1. load the data using pandas
2. drop any person who left the income section of the survey empty. We dont care for the people that didnt put down their income for obvious reasons. 
3. split the data into two dataframes. top1_data and top6_data that consist of the people that make the top 1% and top 6%, respectively, based on their income (> 300,000 and > 150,000, respectively)

In [None]:
# imports 
%matplotlib inline
import os
import pandas as pd 
import numpy as np 
import math
import matplotlib.pyplot as plt

In [None]:
# step 1

def load_data():
    csv_path = os.path.join("../input/kaggle-survey-2020/kaggle_survey_2020_responses.csv")
    return pd.read_csv(csv_path)

In [None]:
full_data = load_data()

In [None]:
# step 2 
sub = [
    "Q24"
]

full_data = full_data.dropna(axis=0, subset=sub)

In [None]:
#step 3 
values = full_data["Q24"].value_counts().index
top6_data = full_data.copy()
for value in values:
    if (value != "150,000-199,999") and (value != "200,000-249,999") and (value != "250,000-299,999") and (value != "300,000-500,000") and (value != "> $500,000"):
        top6_data = top6_data[top6_data["Q24"] != value] 
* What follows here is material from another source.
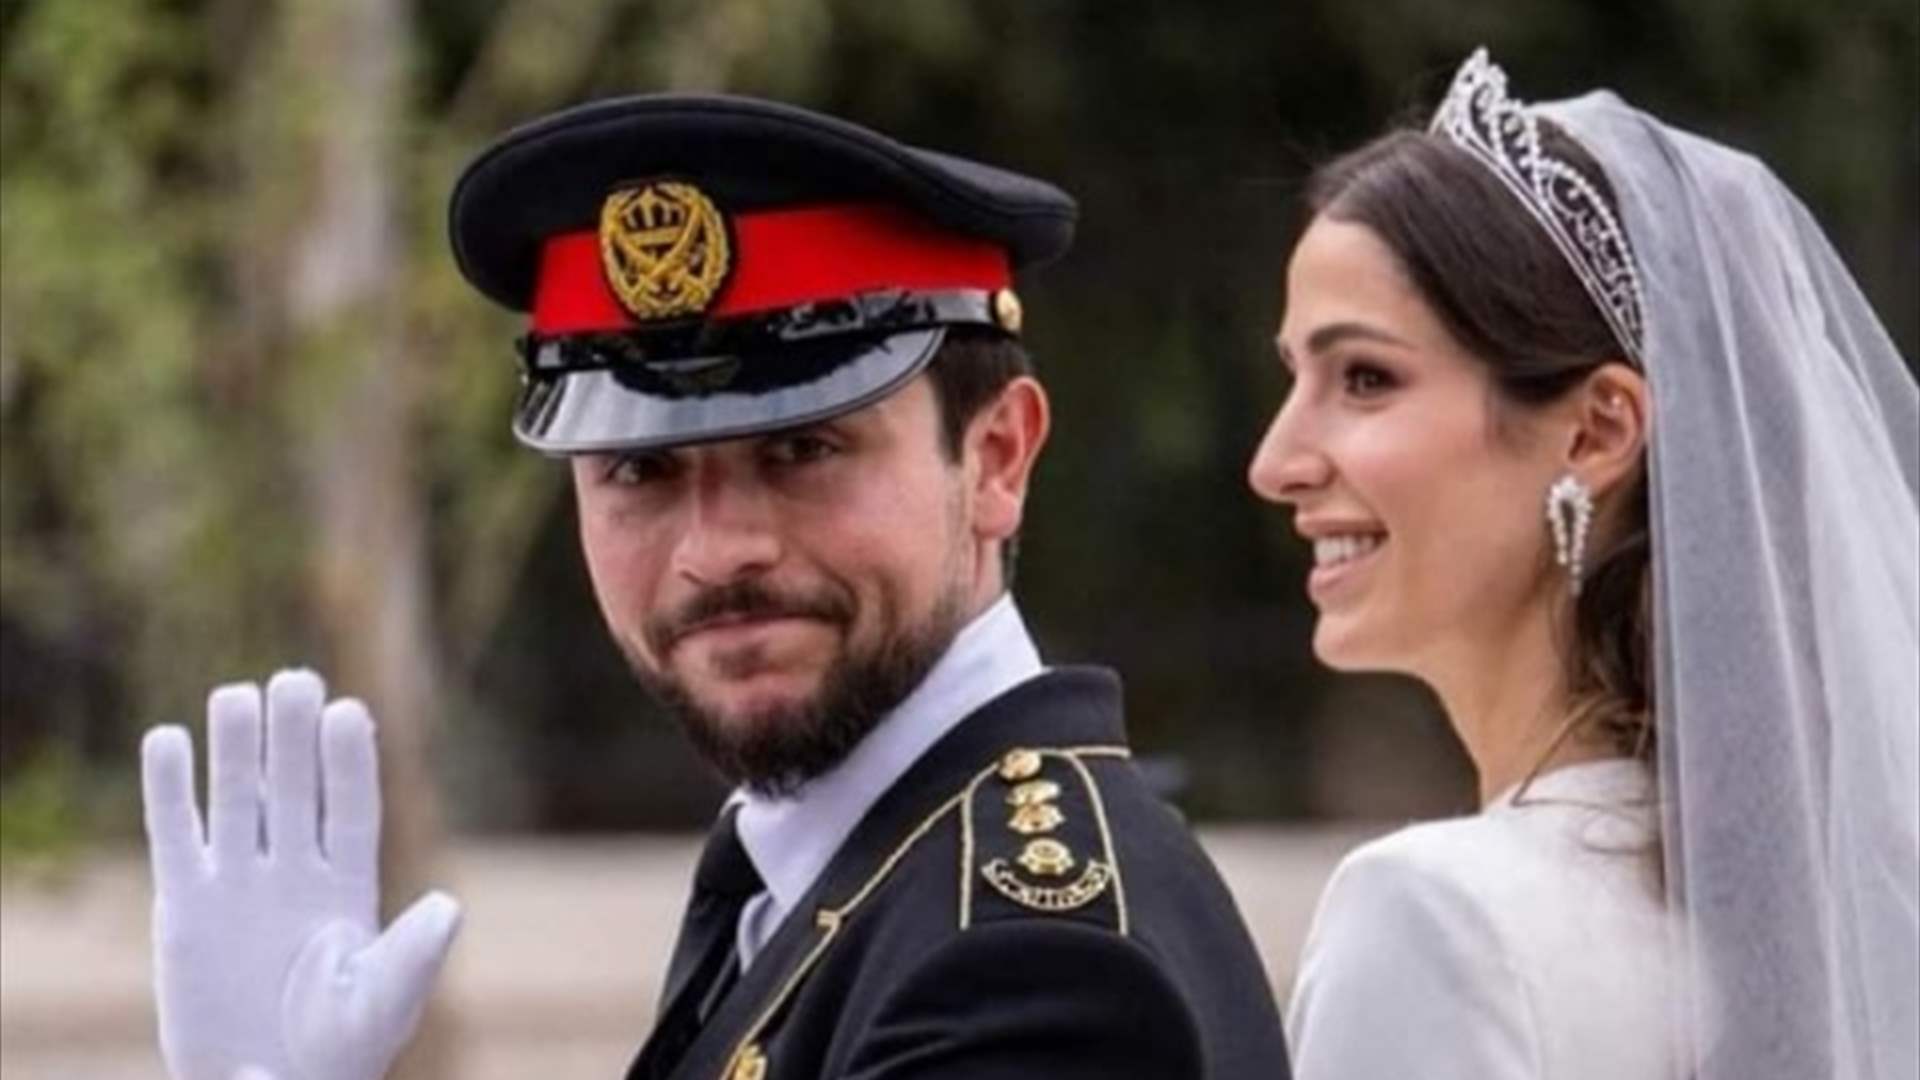 عبارة باللغة العربية زيّنت تاج الأميرة رجوة الحسين في زفافها... ما هي؟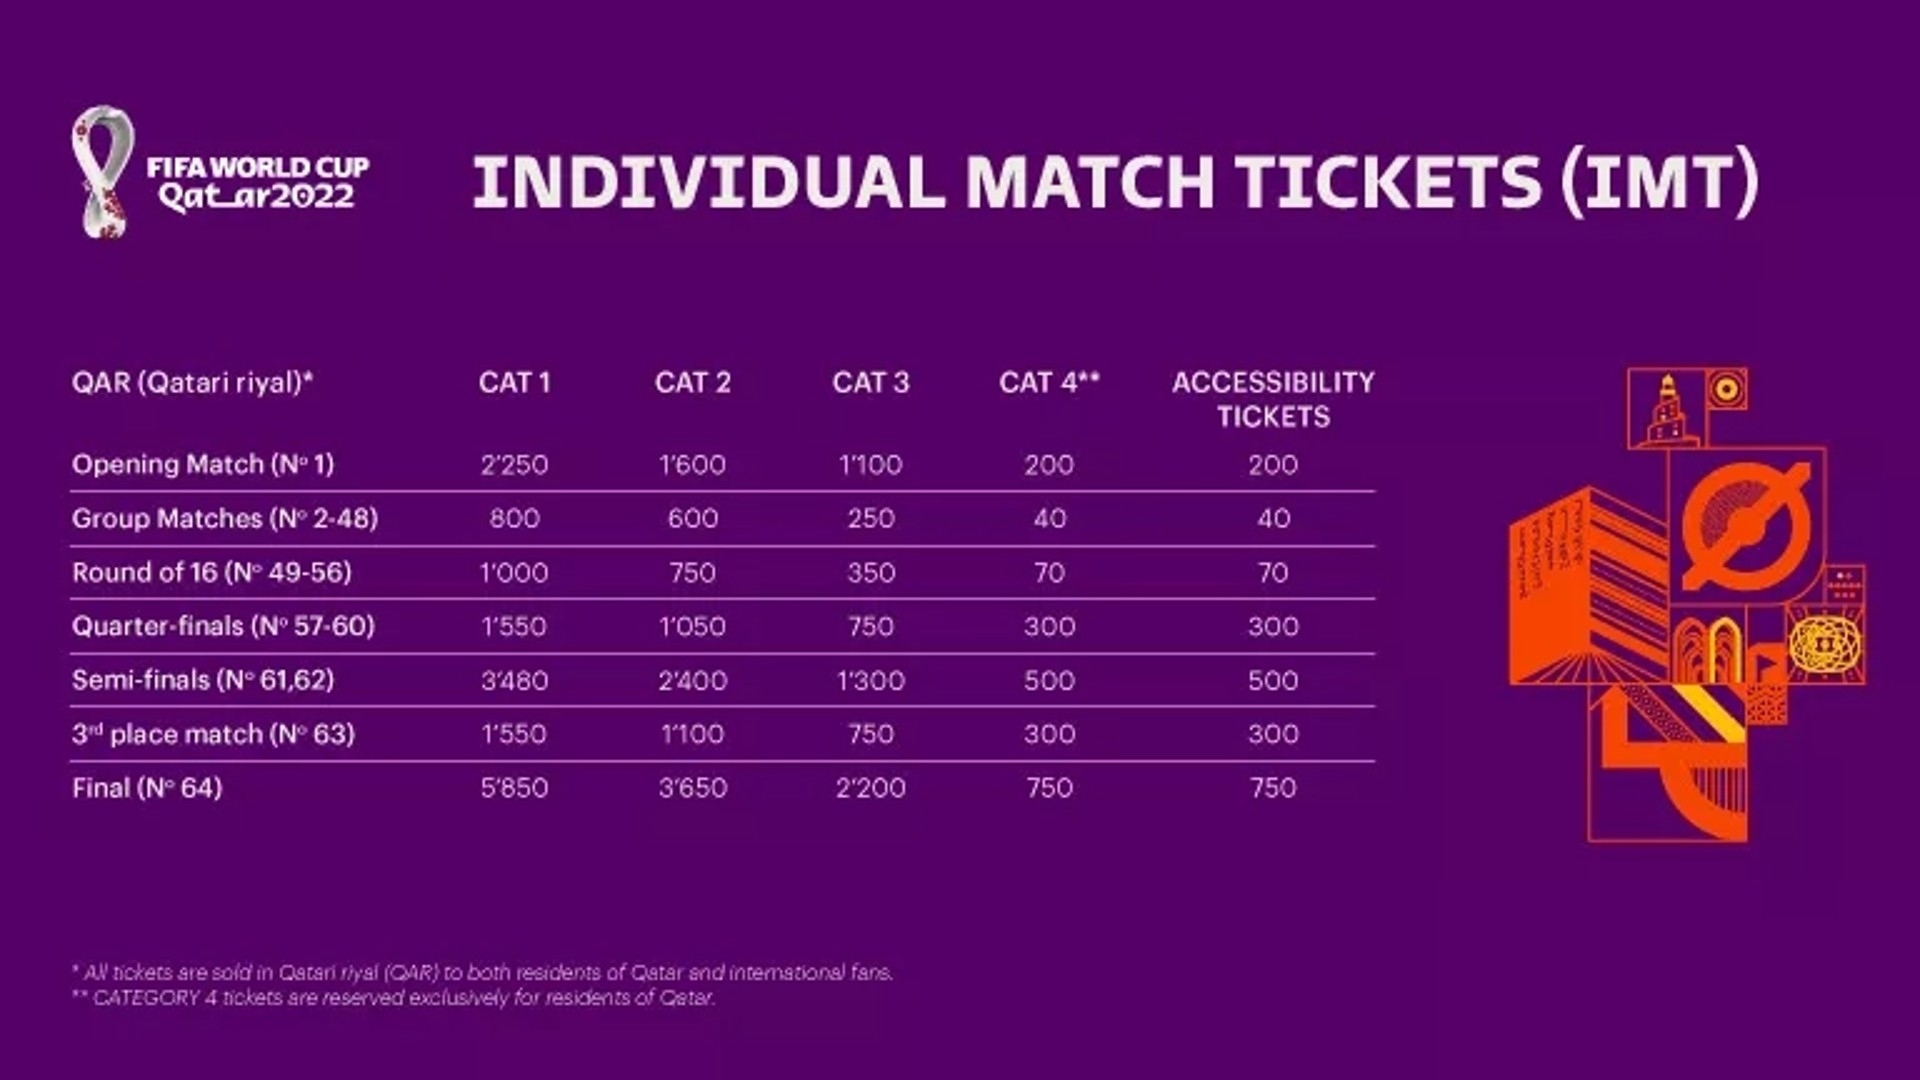 Giá vé World Cup 2022 chung kết lên tới 1.607 USD

top1_data = full_data.copy()
for value in values:
    if (value != "300,000-500,000") and (value != "> $500,000"):
        top1_data = top1_data[top1_data["Q24"] != value] 

## Chapter 2: WHERE DO THEY LIVE? 

So, we have our data. We gave it a little cleaning here and there. Now its good enough for us to play a round with a bit. 

This chapter we will see where the top 1% and 6% live. We will use pie chart cause......who in their right mind doesnt like looking at pie charts haha. We will get a good idea of where most of the top 1% and 6% live. 

Lets go! 

In [None]:
# function displays the % and # labeling for each piece of the pie 
def func(pct, allvals):
    absolute = int(pct/100.*np.sum(allvals))
    return "{:.1f}%\n({:d})".format(pct, absolute)

In [None]:
fig, (ax1,ax6) = plt.subplots(1, 2, figsize=(25,25), subplot_kw=dict(aspect="equal"))

num_countries_left_1 = sum(top1_data["Q3"].value_counts()[5:].values.tolist())
num_countries_left_6 = sum(top6_data["Q3"].value_counts()[5:].values.tolist())

contries_legend_1 = top1_data["Q3"].value_counts()[:5].index.tolist() 
contries_data_1 = top1_data["Q3"].value_counts()[:5].values.tolist()
contries_legend_6 = top6_data["Q3"].value_counts()[:5].index.tolist() 
contries_data_6 = top6_data["Q3"].value_counts()[:5].values.tolist()

contries_data_1[2] += num_countries_left_1 
contries_data_6[2] += num_countries_left_6 

wedges, texts, autotexts = ax1.pie(
    contries_data_1, 
    autopct=lambda pct: func(pct, contries_data_1),
    textprops=dict(color="w")
    )
wedges, texts, autotexts = ax6.pie(
    contries_data_6, 
    autopct=lambda pct: func(pct, contries_data_6),
    textprops=dict(color="w")
    )

ax1.legend(wedges, contries_legend_1,
          title="Countries",
          loc="upper center",
          bbox_to_anchor=(1, 0, 0.5, 1))

plt.setp(autotexts, size=8, weight="bold")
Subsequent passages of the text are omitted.